In the meantime, there are ways to get around staff shortages, such as reducing menu sizes and preparation time. Some operators are replacing in-room dining with the ability to order food through delivery platforms.

Heksch suggests reducing the amount of food storage space to avoid filling it unnecessarily, and using space more profitably, and while kitchens may be getting smaller in Europe, Ellis says that he’s observed restaurant kitchens in Dubai getting bigger and venues turning around three dinner services. However, he warns of subsequently failing to offer good service: “If you try to milk that cash cow too much, you’ll get a backlash.”

Maximising beverage profits

The same applies to beverages – Ellis warns that although for many establishments in Dubai, 70% of revenue comes from alcohol, you can only push prices so far before guests push back.

“You have to find that sweet spot where they’re getting value for money,” he says. “It takes trial and error to find out where you want to position your beverage programme.”
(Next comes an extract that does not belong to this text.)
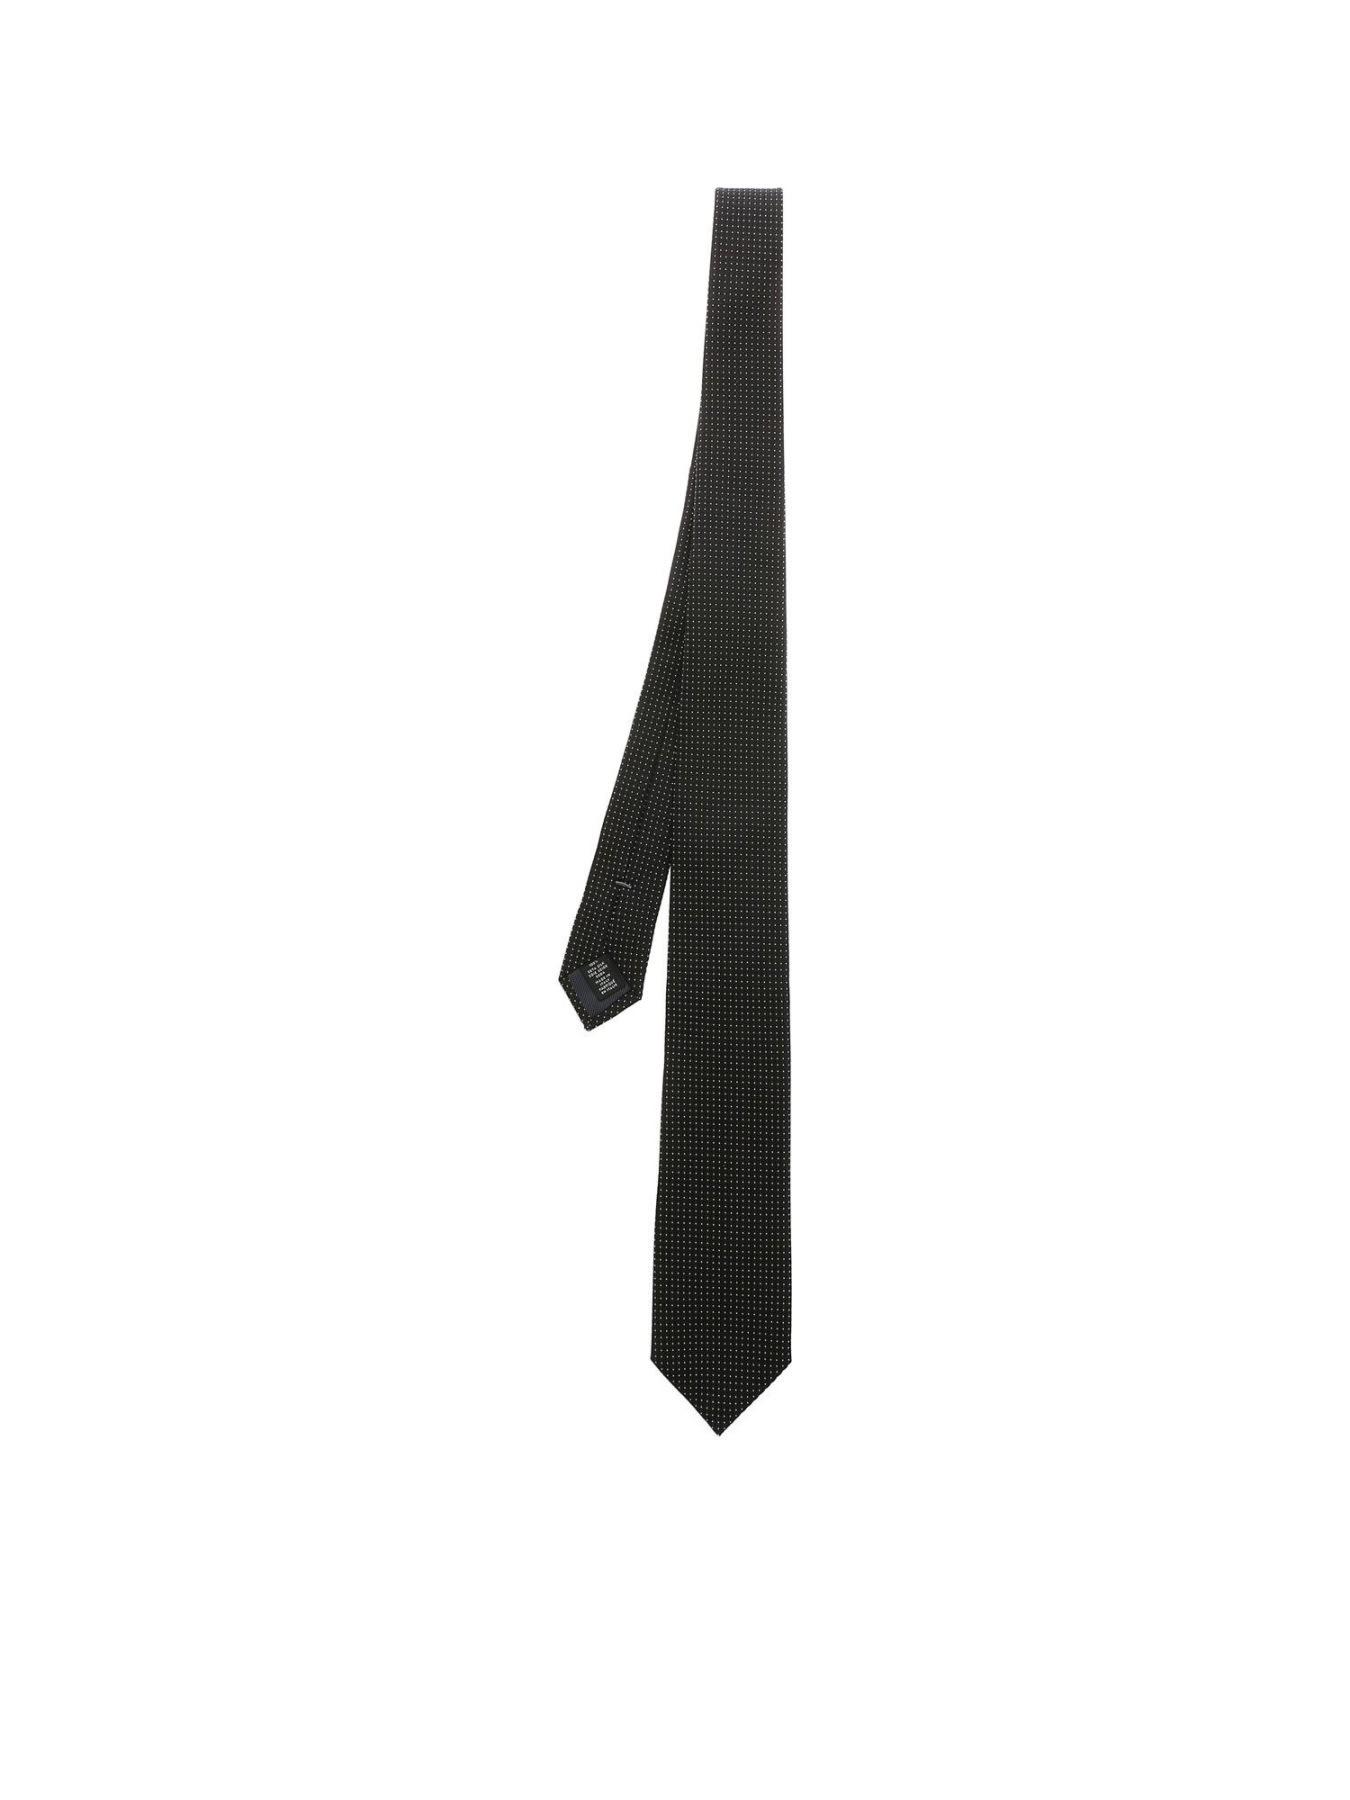 81f484ec63 Tie Silk

For example, lowering the price of wine can mean selling more, while making a beverage “more experiential” can command a higher price point.

And using pre-made ingredients or batch drinks to save on man hours doesn’t mean reducing service standards, says Heksch. “Rather than doing 15 cocktails, let’s do six, let’s do them well and engage with the guest,” he says.

While there is an increasing trend for ‘low to no’ alcohol options, particularly among younger guests, Richter suggests that reports of a declining booze industry have been somewhat exaggerated: “I see it on the shelves of the supermarkets… but I can’t confirm it’s in the revenues we’re doing in the hotel,” he says. He suggests that young people are opting for quality over quantity and spending “top dollars” on luxury spirits.

“The people who do spend this money, €20-€30 for a drink or €200 for a bottle of Champagne, are getting younger,” he says. “They’re more aware of the quality, they’re more educated about brands.”

For operators, tough times will mean a laser focus on both margins and service, maximising profit from every avenue but still providing a guest experience that makes them want to come back.

“That’s absolutely crucial for anything that’s going to be sustainable,” says Ellis. “Keep an eye on the bottom line but keep a very close eye on the overall guest experience and listen to what guests say when they come back.”

All those quoted in the article appeared on stage at the International Hospitality Investment Forum (IHIF) held in Berlin between May 15 and 17, in a session called: Optimizing F&B Programme Operations to Manage Cost and Increase Profit Margins.